WOLVES got the start they wanted, scoring their first try of 2014 after just 80 seconds, but it went downhill quickly after that.

Jordan Turner’s knock-on deep inside his own half gave the home side chance to shape up from a scrum.

After Roy Asotasi was held up five metres short, a long wide ball to the right from Michael Monaghan found Chris Bridge in enough space to squeeze a killer pass to Joel Monaghan and last season’s top try scorer flew over in the corner despite the covering attempts of Adam Swift.

Stefan Ratchford got plenty of weight and height behind his touchline conversion attempt, kicking into a stiff breeze, but his effort steered wide to leave it at 4-0.

Three dubious decisions from referee Phil Bentham went Saints’ way in the build-up to their ninth minute reply. This sponsorship with Specsavers for the officials is clearly not working!

After Saints got on the front foot from the first penalty of the game, there seemed to be a knock-on that Louie McCarthy-Scarsbrook got away with and after Wolves’ scrambling defence held out Ryan Atkins was pulled up for a knock-on that seemed to go backwards.

From the next set, Turner skilfully offloaded around Chris Riley for Tommy Makinson to dive over in the corner but the pass looked forward. Luke Walsh’s goal from the touchline put Saints two points clear.

The visitors were soon 12-4 in front, stand off Gary Wheeler being given the room to change his direction twice before feeding James Roby through a hole to the left of the sticks. Walsh’s extras put Saints in control after 16 minutes.

It soon got worse for Wolves, who felt aggrieved that Turner was not considered to have knocked on from the re-start.

A Walsh 40/20 paved the way for former Wakefield prop Kyle Amor to stretch his arm out of an almost completed tackle by Atkins and Trent Waterhouse.
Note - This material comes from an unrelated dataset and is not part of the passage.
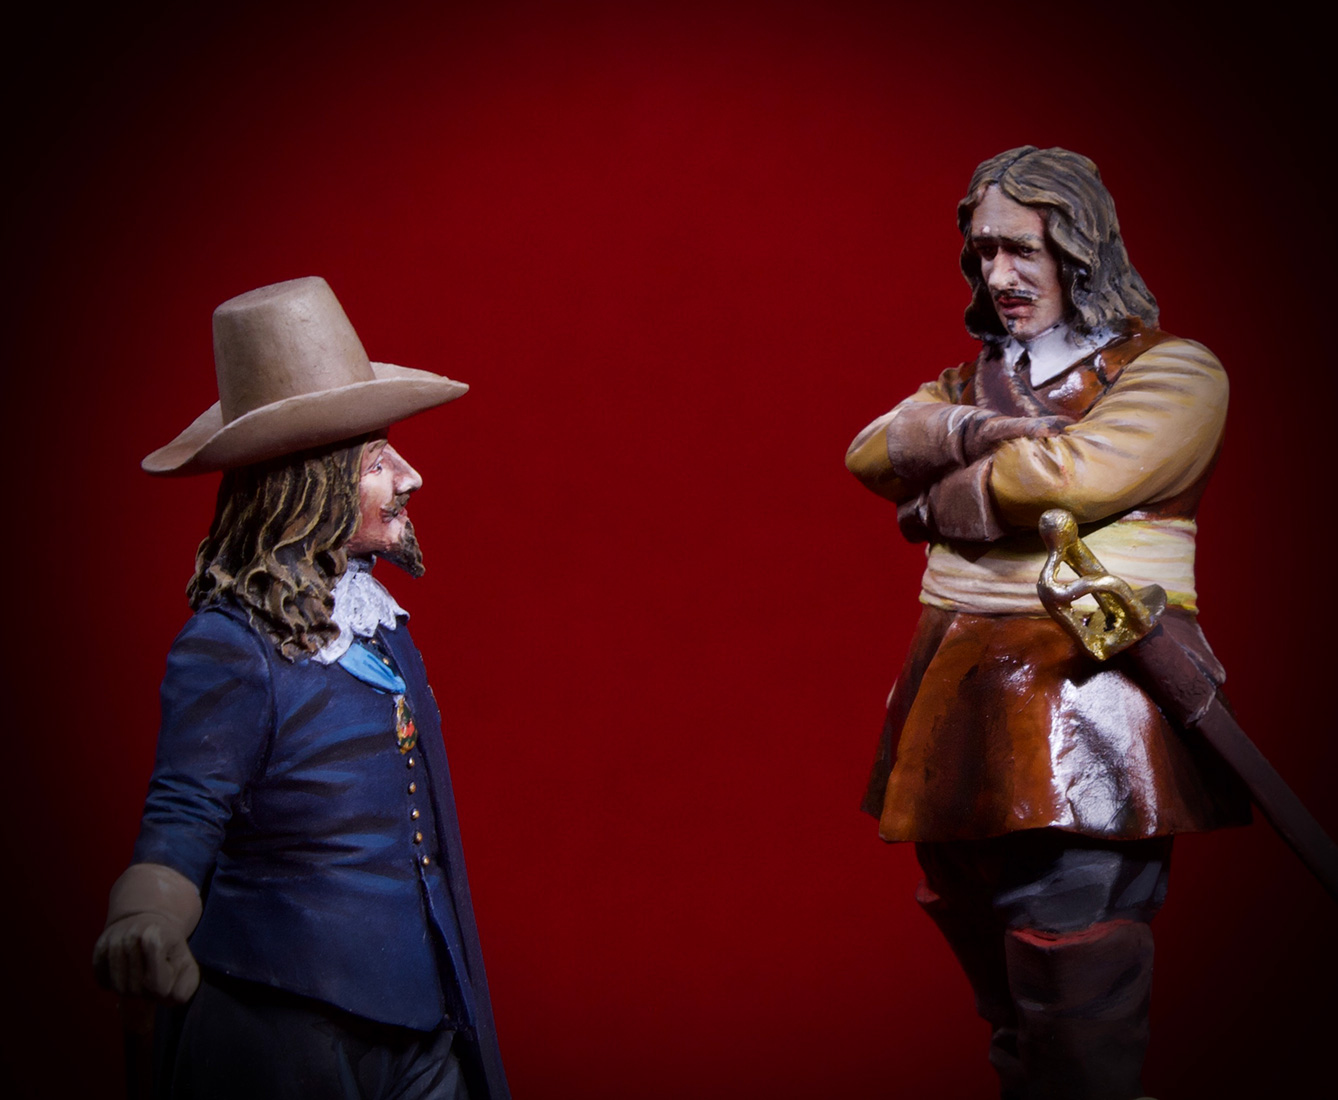 Figures: Charles I and Oliver Cromwell, photo #8

Walsh’s extras made it 18-4 to complete a rotten spell without a touch of the ball for Tony Smith’s side.

Wolves were rattled and dishevelled, seemingly unable to put two passes together as they tried to find a way back against a Saints defence buoyed by their scores and firing on all cylinders.

No protection from Bentham was coming Wolves’ way either as Sia Soliola committed a high tackle that looked a credible red card offence but not a word was said with the Samoan, just a penalty.

And a Jon Wilkin high tackle on Chris Riley came soon after.

Wolves only looked as though they were finding some rhythm again when Gareth O’Brien arrived on the field, getting a grip of organising the shape and structure as well as steering the side around the field.

But they still never looked like getting over the try line and the first-half scoring was completed with a Walsh penalty goal.